§ About this exercise
Please copy exactly the part of the records below that opens with the line containing "015102228ea Ticket Code" and closes with the line containing "frische Aloe Vera mit Holzlöffel foto", leaving out any pictures.

§ Source data
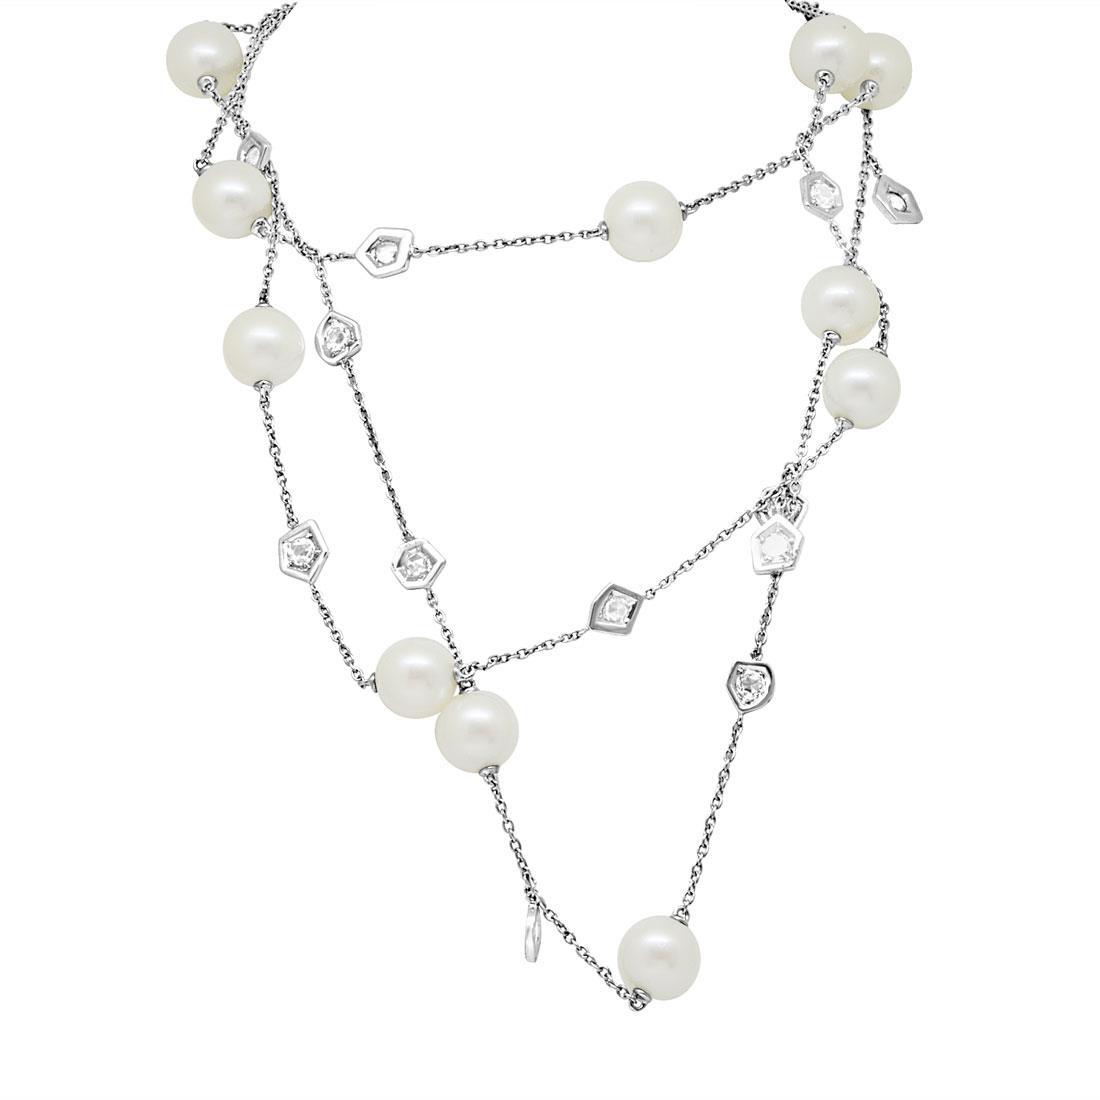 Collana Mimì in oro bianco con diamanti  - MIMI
--
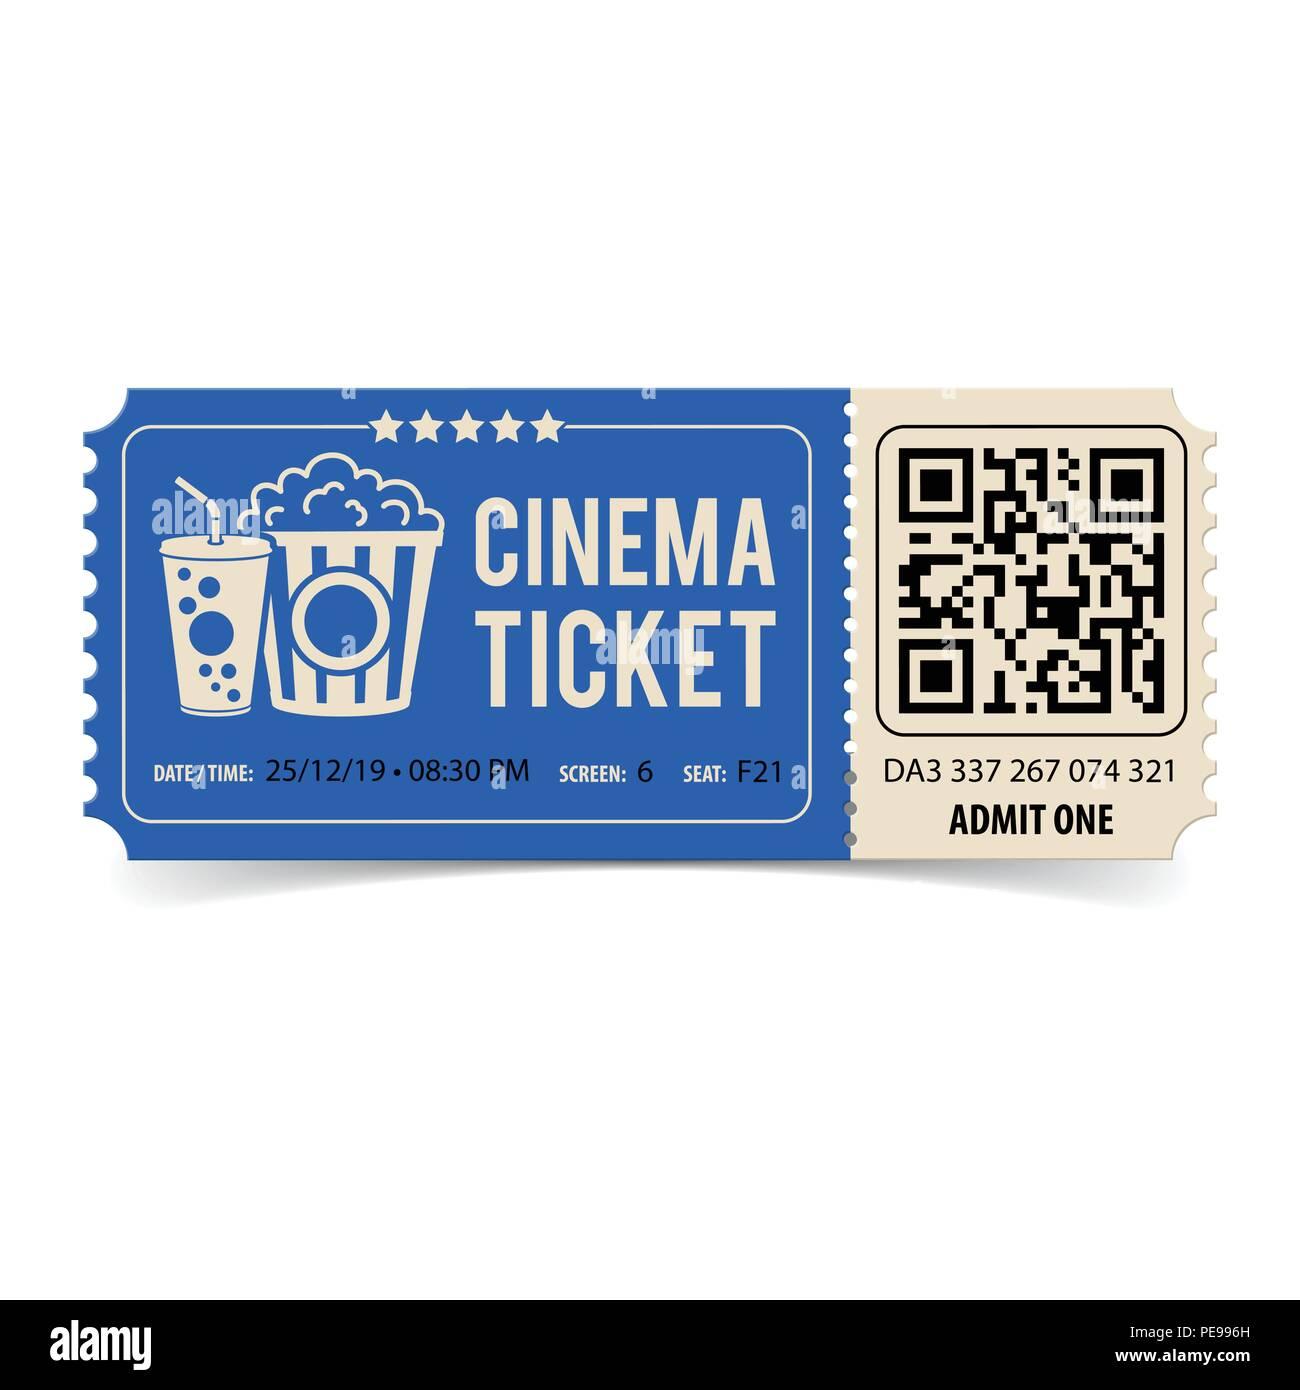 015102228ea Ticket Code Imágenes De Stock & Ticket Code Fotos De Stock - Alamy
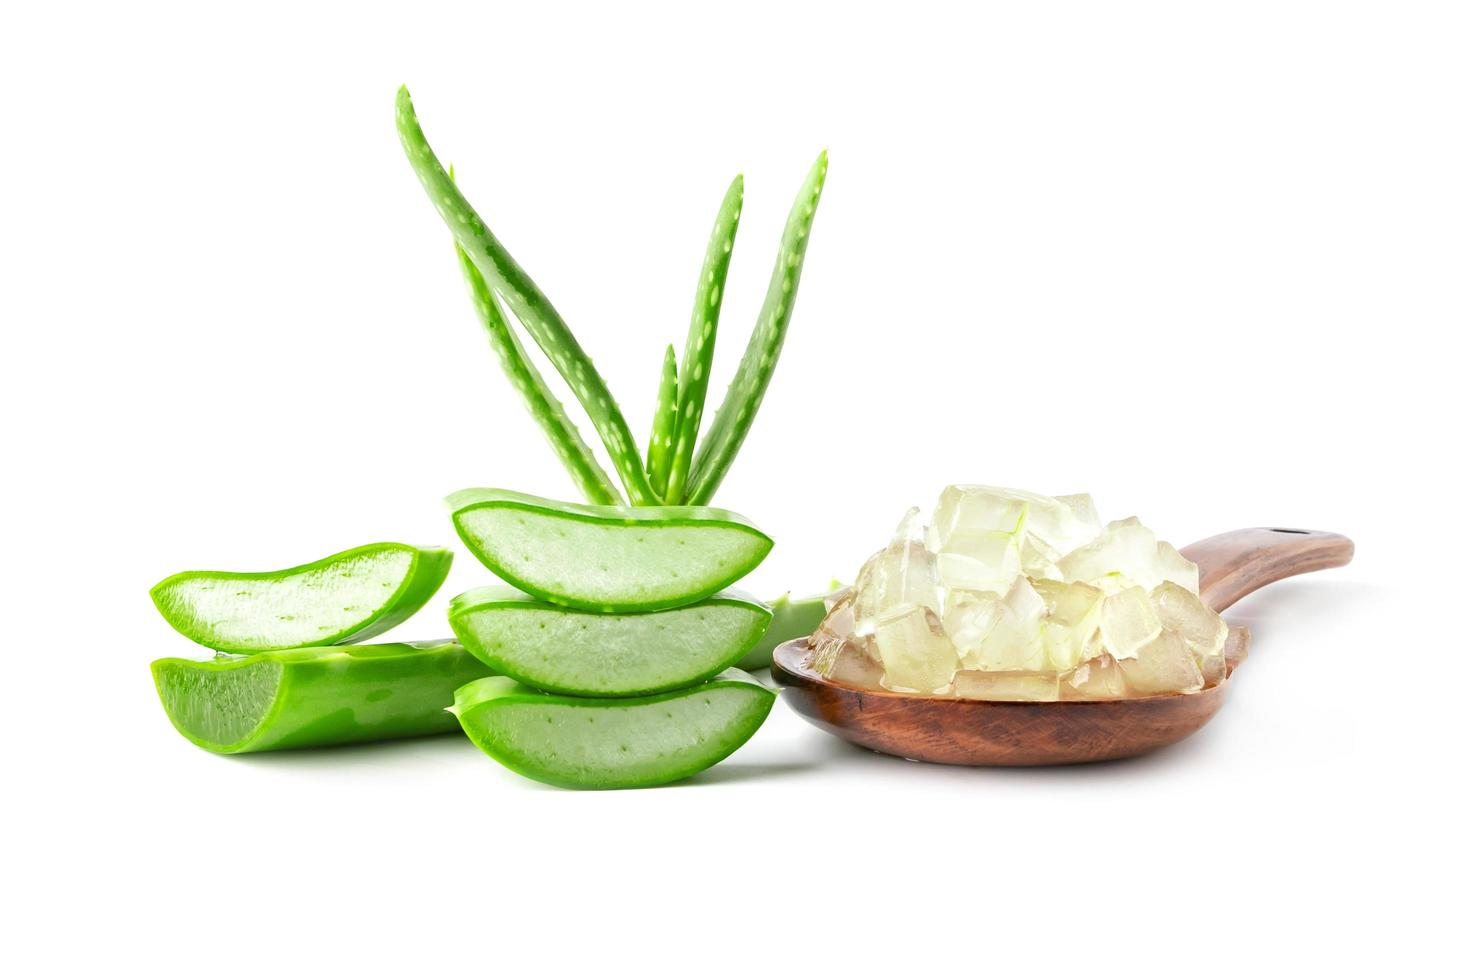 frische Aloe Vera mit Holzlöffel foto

§ Task answer
 015102228ea Ticket Code Imágenes De Stock & Ticket Code Fotos De Stock - Alamy
 frische Aloe Vera mit Holzlöffel foto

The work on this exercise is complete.